US authorities have charged two men with running an $80 million Ponzi scheme involving fake investments in automatic teller machines.
The office of the US Attorney for Manhattan says Vance Moore and Walter Netschi have each been charged with one count of conspiracy to commit wire fraud and nine counts of wire fraud. Each count carries a potential 20 year jail term.
From 2005 through January 2008, the men allegedly solicited over $80 million dollars worth of investments in ATMs purportedly placed in convenience stores, gas stations, malls and hotels around the country. Victims were told that they would make money through fees charged for using the cash machines.

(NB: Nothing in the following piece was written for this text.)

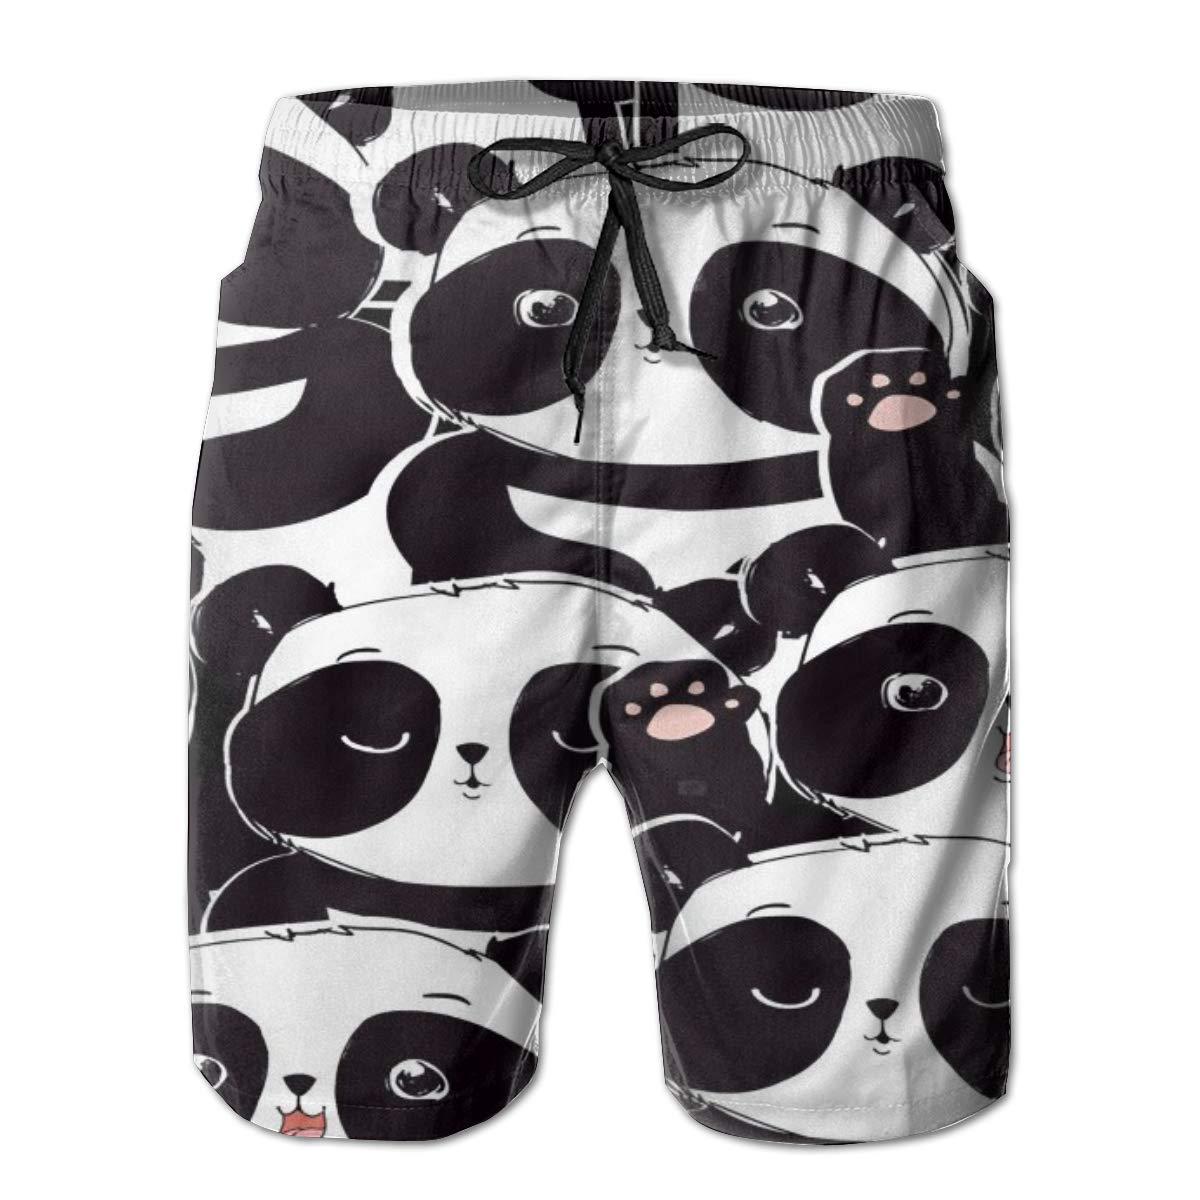 Airealy Men/'s Summer Beach Trunks Cartoon Lovely Panda Bear Drawstring Elastic Waist Quick Drying Surfing Beach Board Shorts

However: "In truth and fact, Moore and Netschi did not use the victims' funds to purchase ATMs, but rather used the money to further the fraudulent scheme and to enrich themselves," says a Department of Justice statement.
According to the indictment, Moore and Netschi told victims they bought around 4000 ATMs but 90% did not exist or were never owned by the men.
More also sent monthly reports and payments to the victims purportedly relating to their investments in the ATMs, say prosecutors. In reality, the reports were not revenues but simply money scammed from new investors.
Joseph Demarest, assistant director in charge, FBI, says: "The defendants claimed the revenue in their investment opportunity derived from ATM fees. In fact, it was a classic Ponzi scheme, and the phantom revenue came from new investors. The scheme itself, until discovered, was one giant cash machine."